▶ **What is expected**: All lines from the one containing "Lit buildings in" through the last line of the listing below are to be copied exactly. Exclude the pictures.

▶ **Information supplied**:
--- START ---

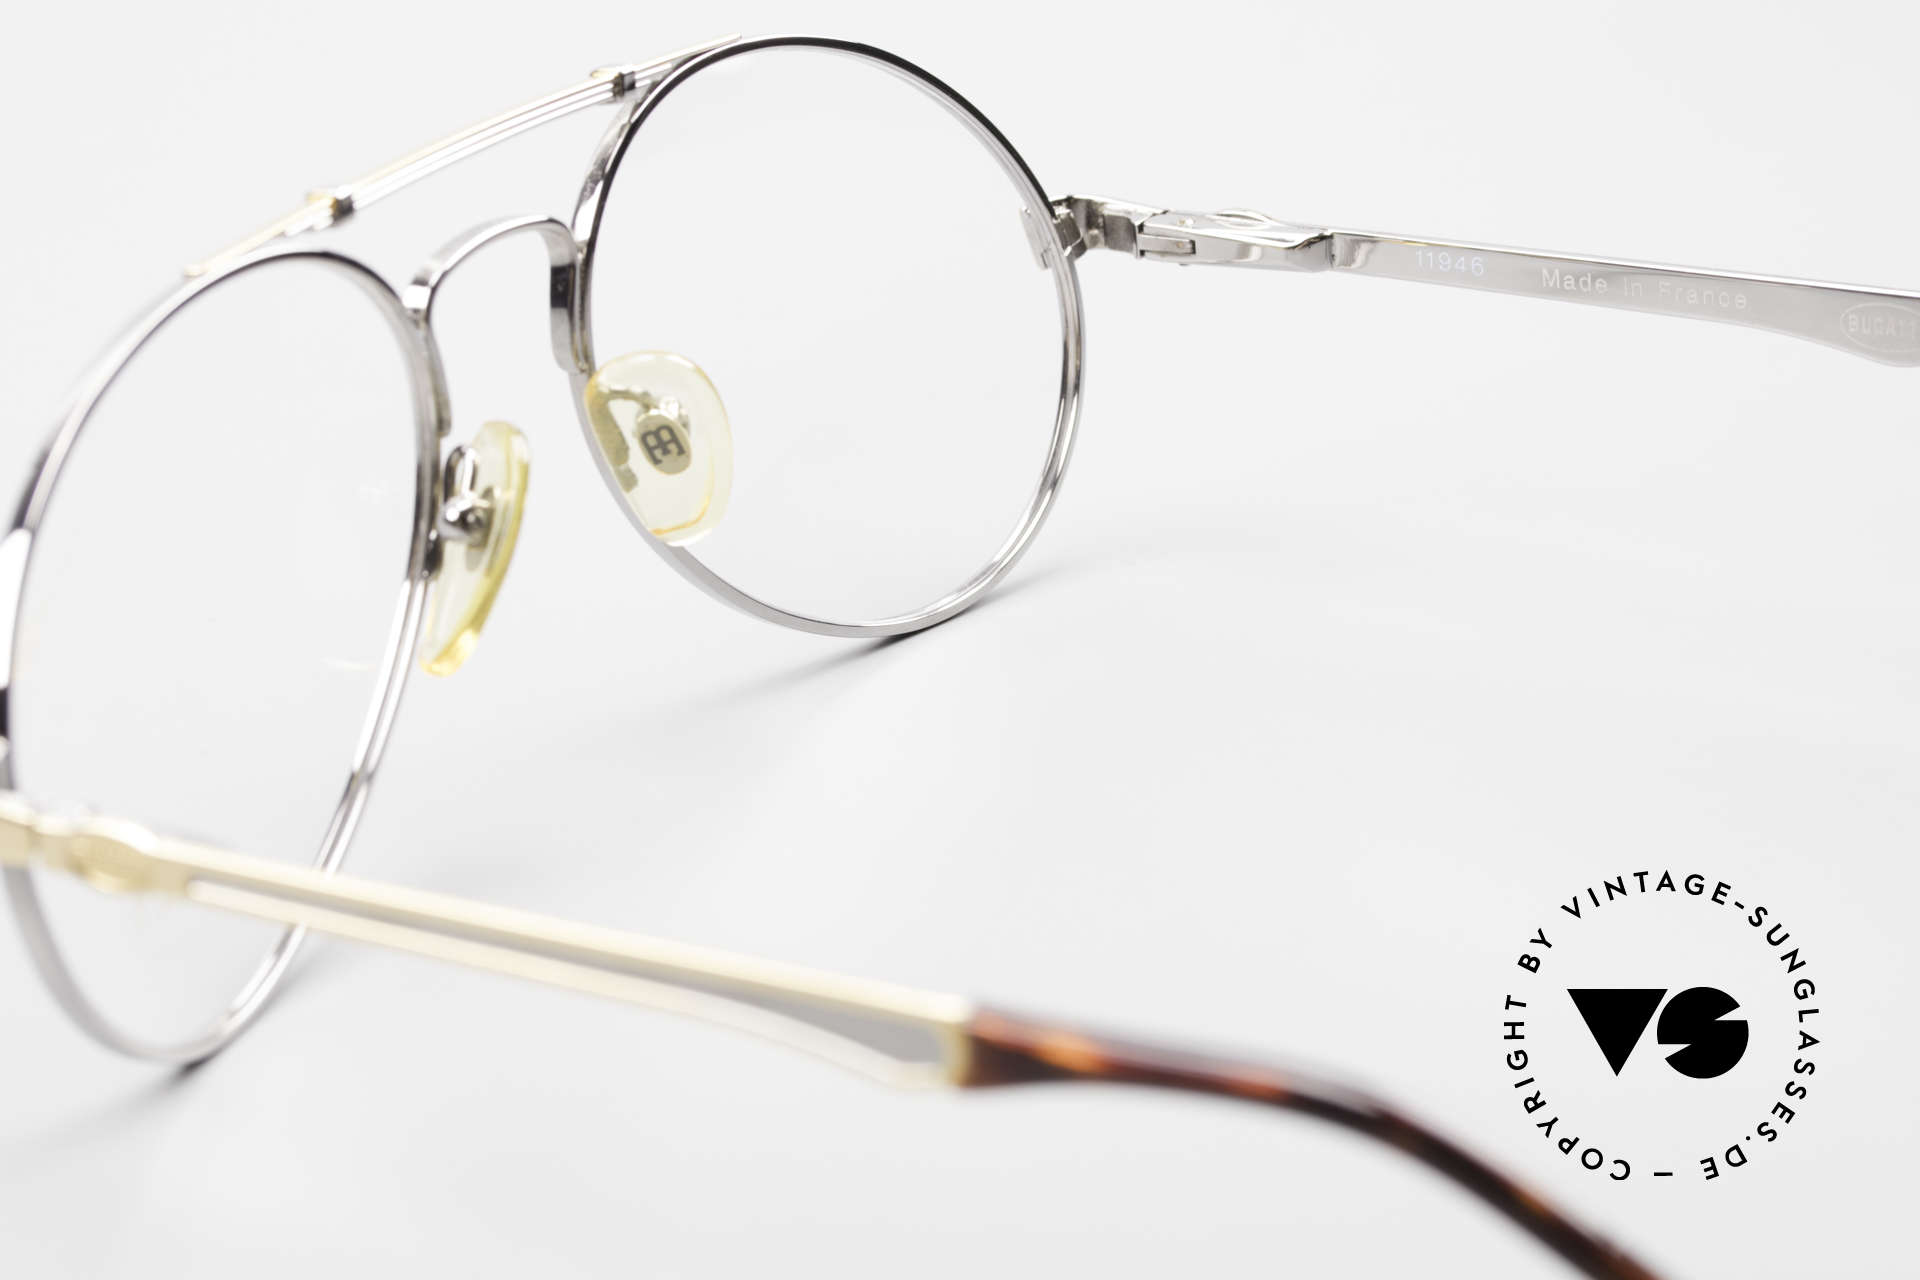 Bugatti 11946 Large 80's Luxury Eyeglasses, NO RETRO sunglasses; but a costly 80's Original!, Made for Men
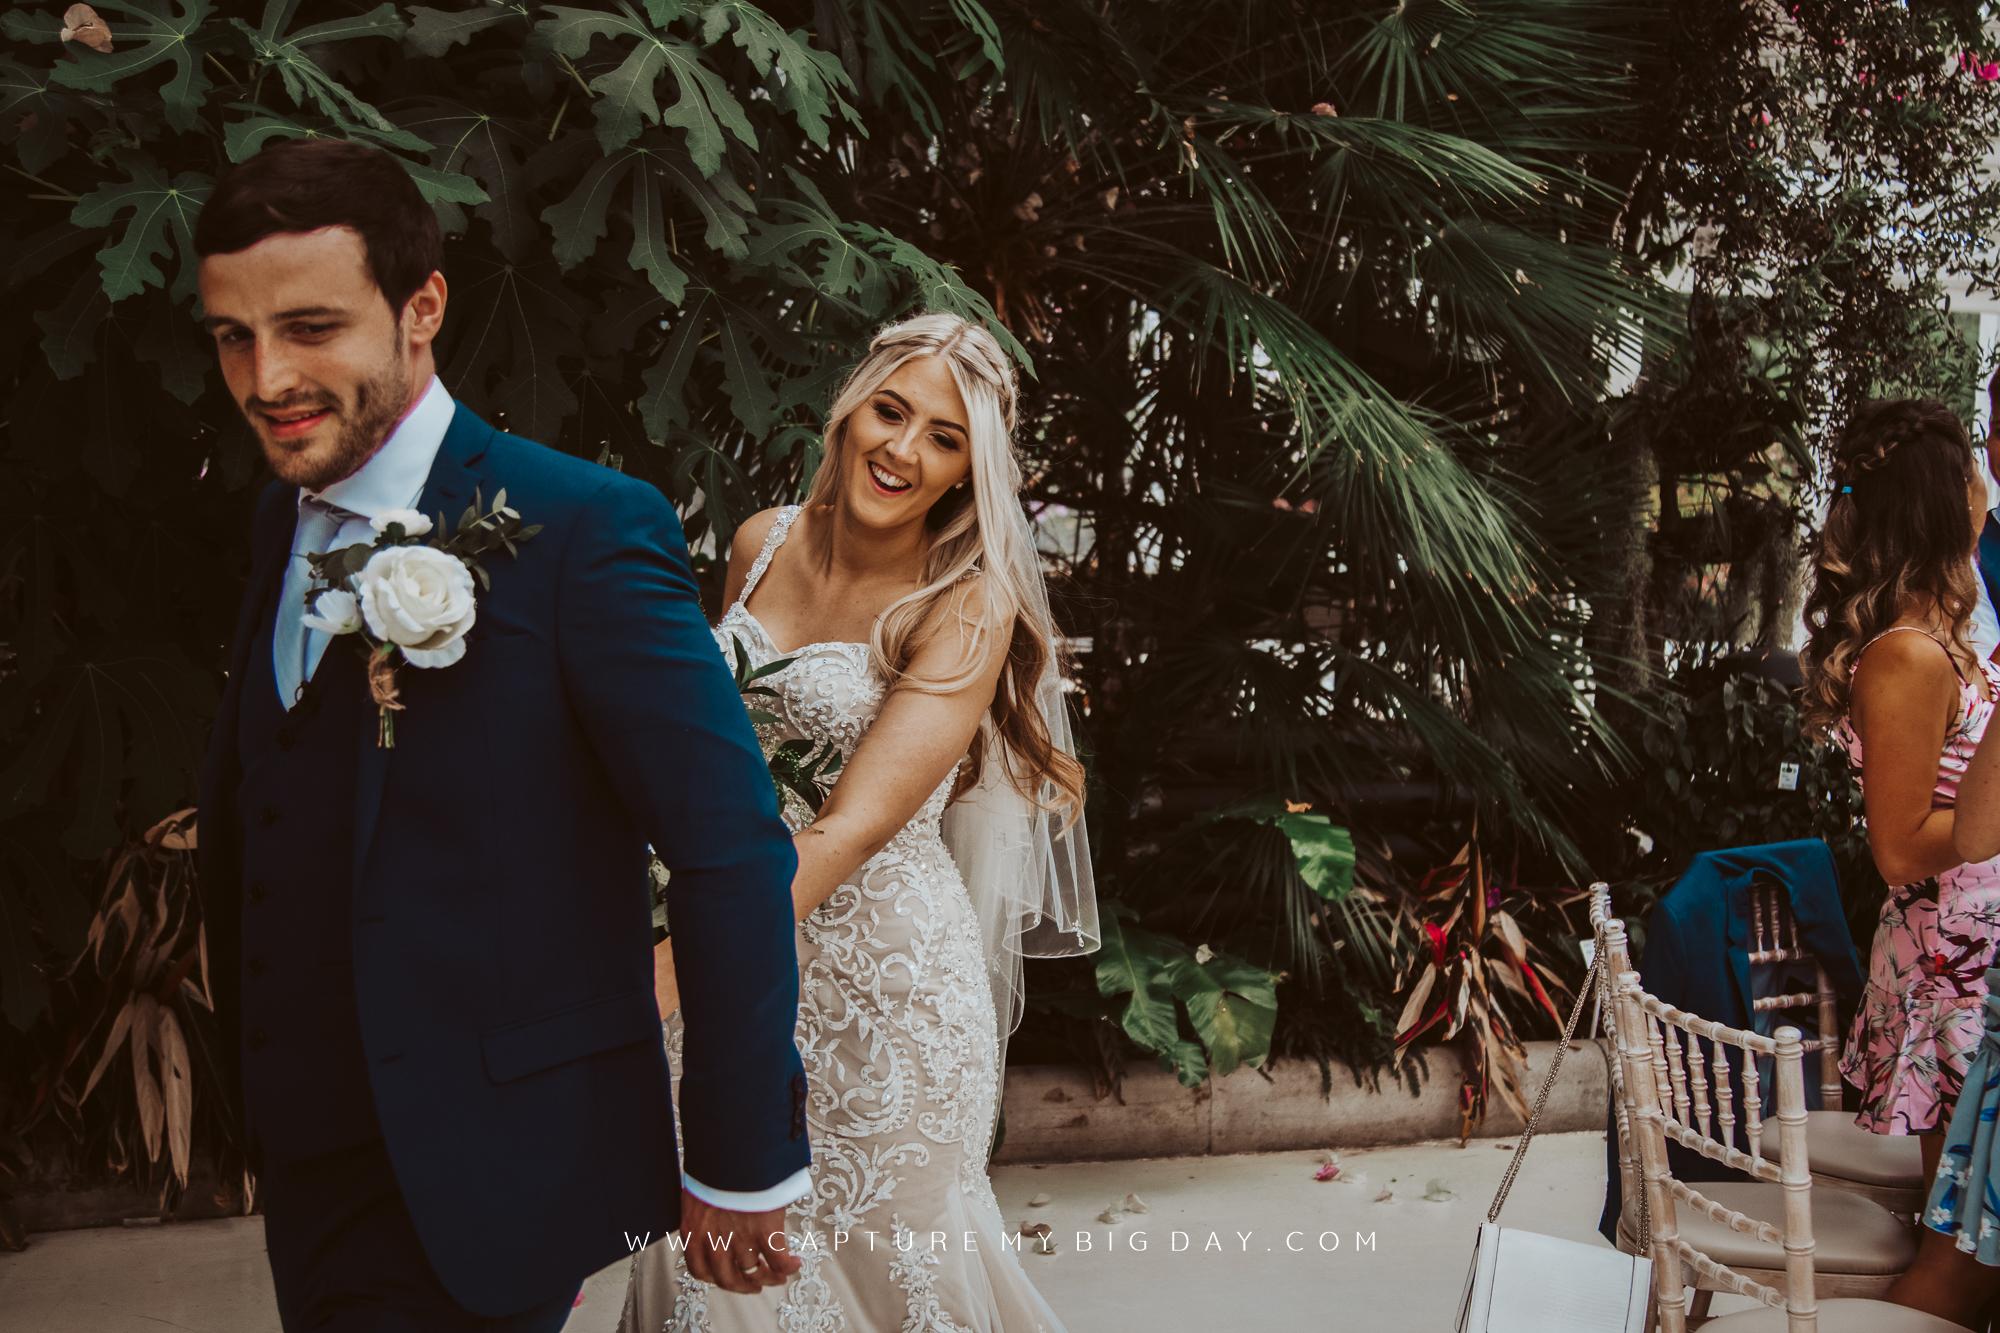 groom leading the bride into the wedding breakfast room
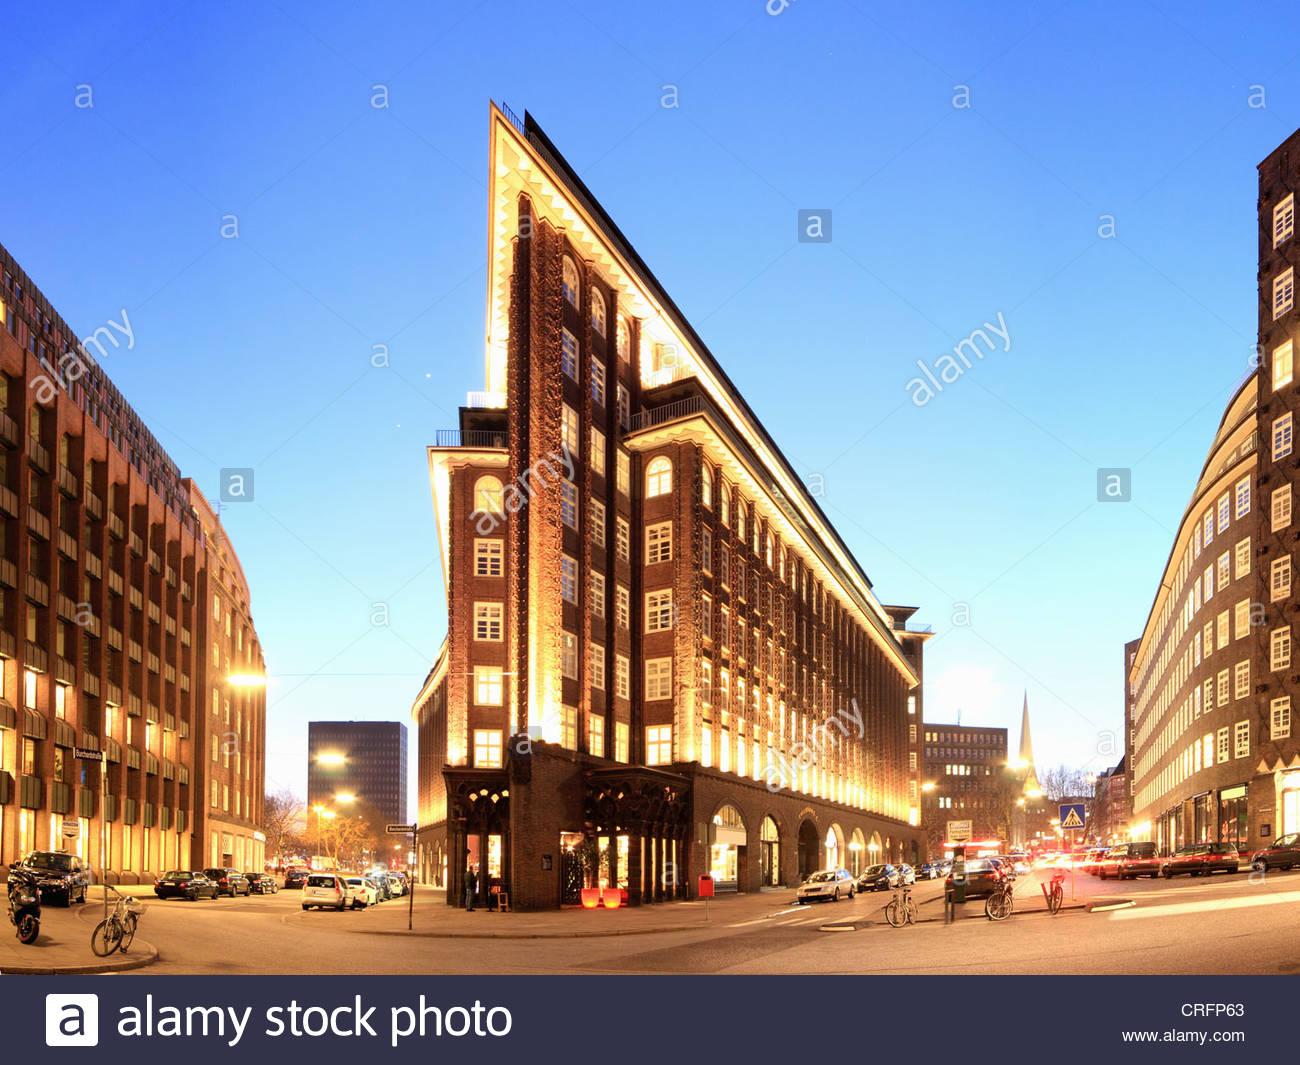 Lit buildings in Hamburg at night - Stock Image
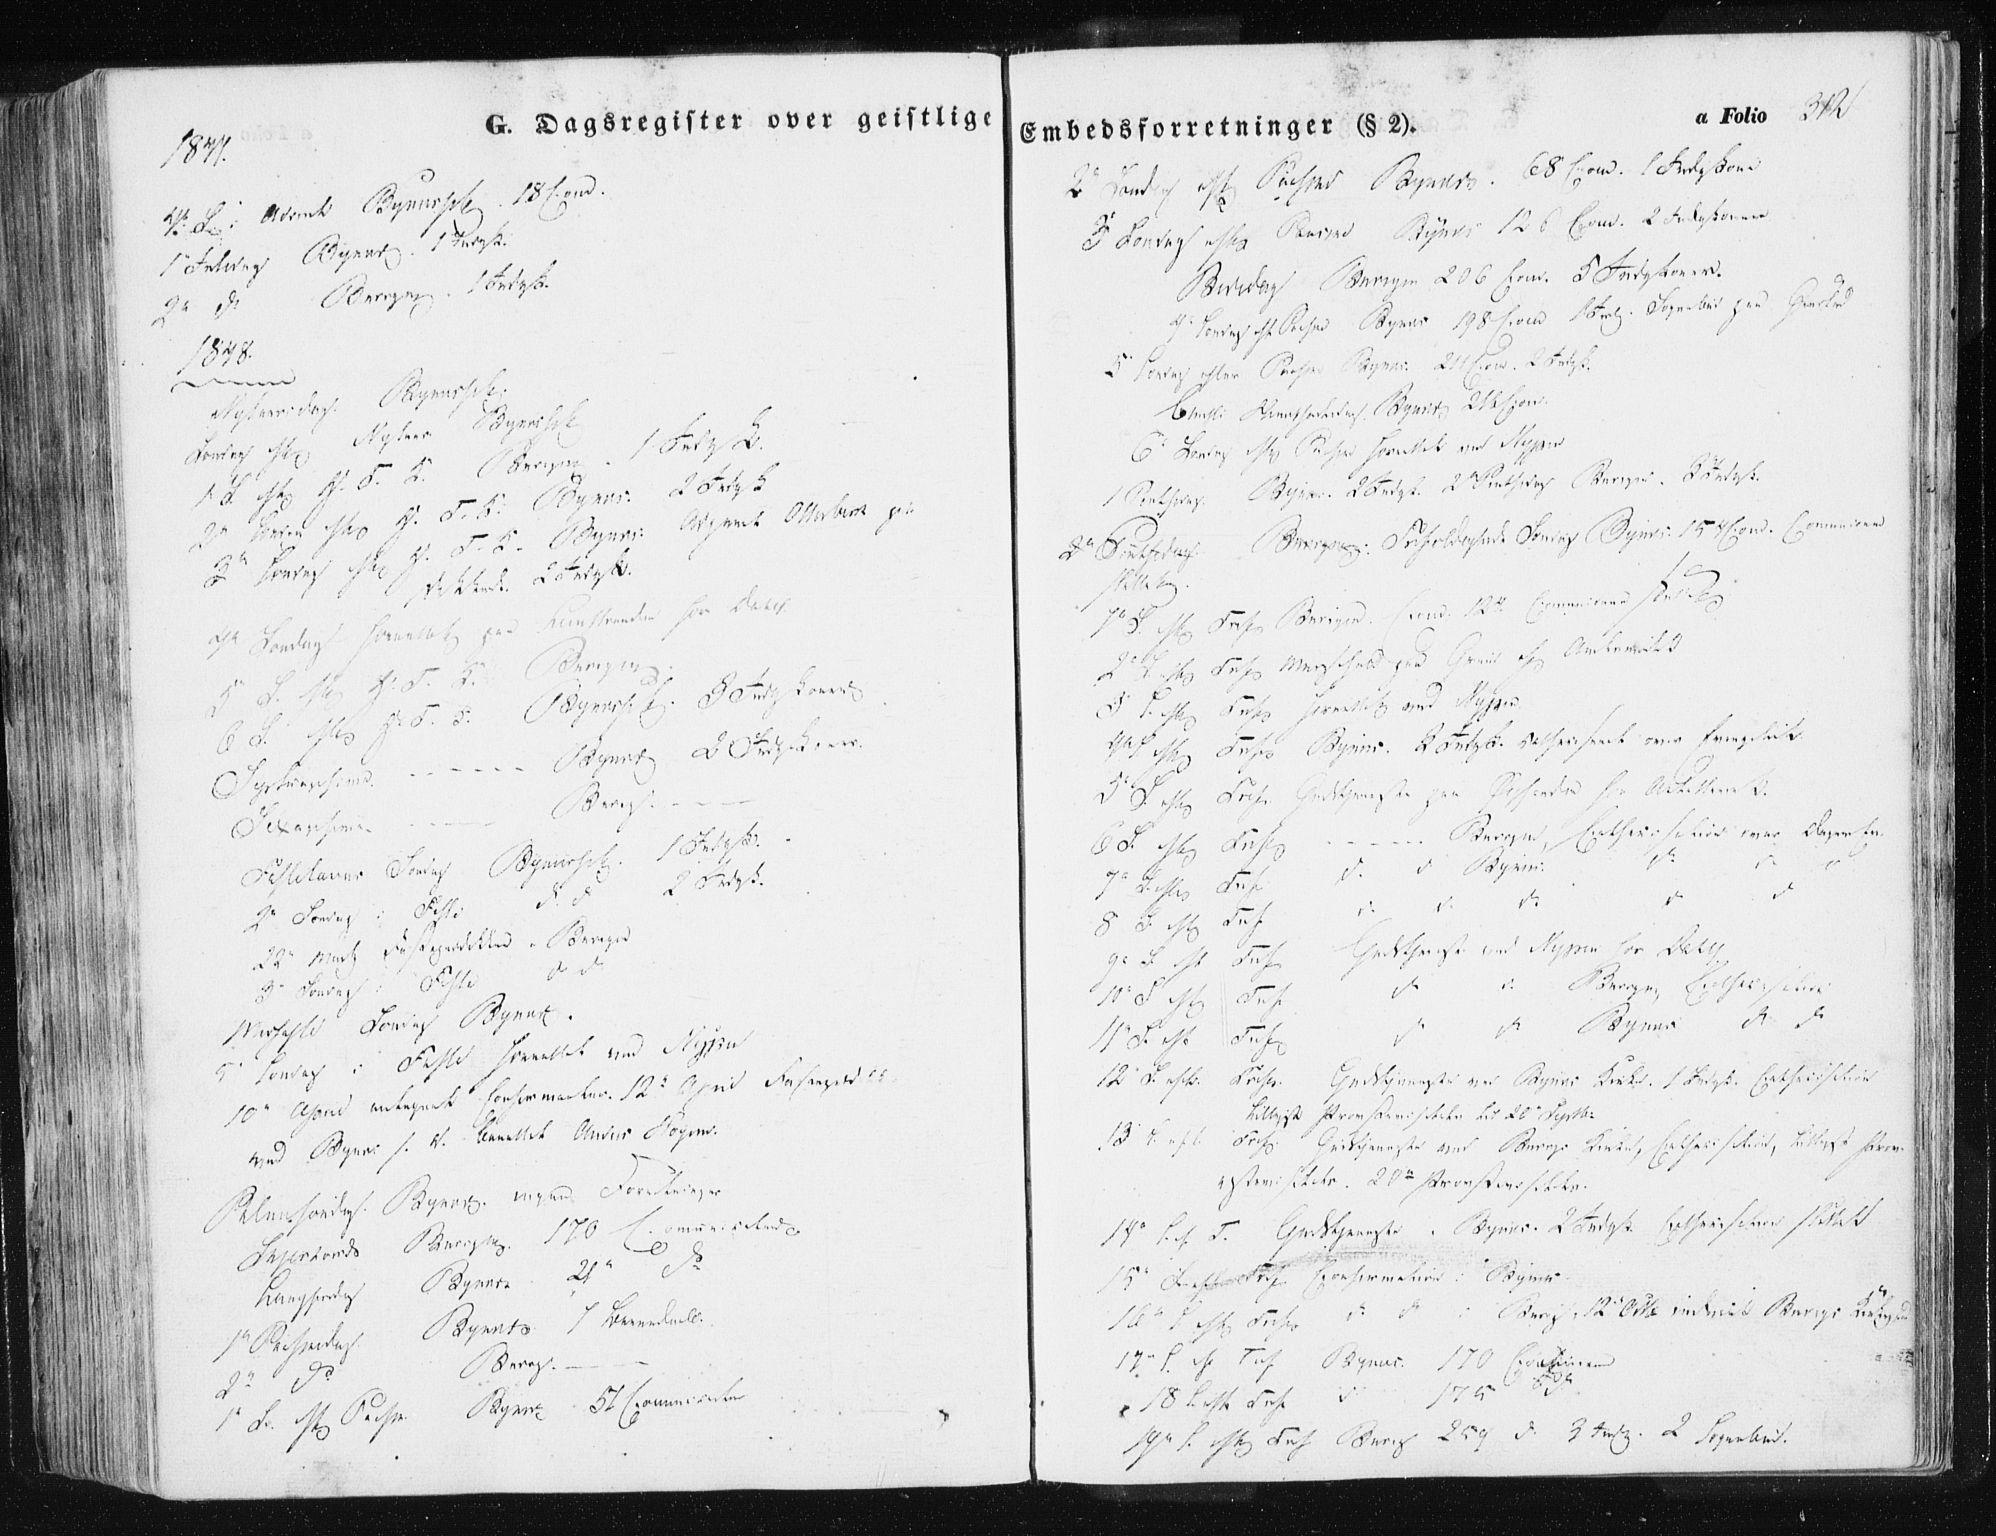 SAT, Ministerialprotokoller, klokkerbøker og fødselsregistre - Sør-Trøndelag, 612/L0376: Parish register (official) no. 612A08, 1846-1859, p. 312

--- END ---

▶ **Result**:
 Lit buildings in Hamburg at night - Stock Image
 SAT, Ministerialprotokoller, klokkerbøker og fødselsregistre - Sør-Trøndelag, 612/L0376: Parish register (official) no. 612A08, 1846-1859, p. 312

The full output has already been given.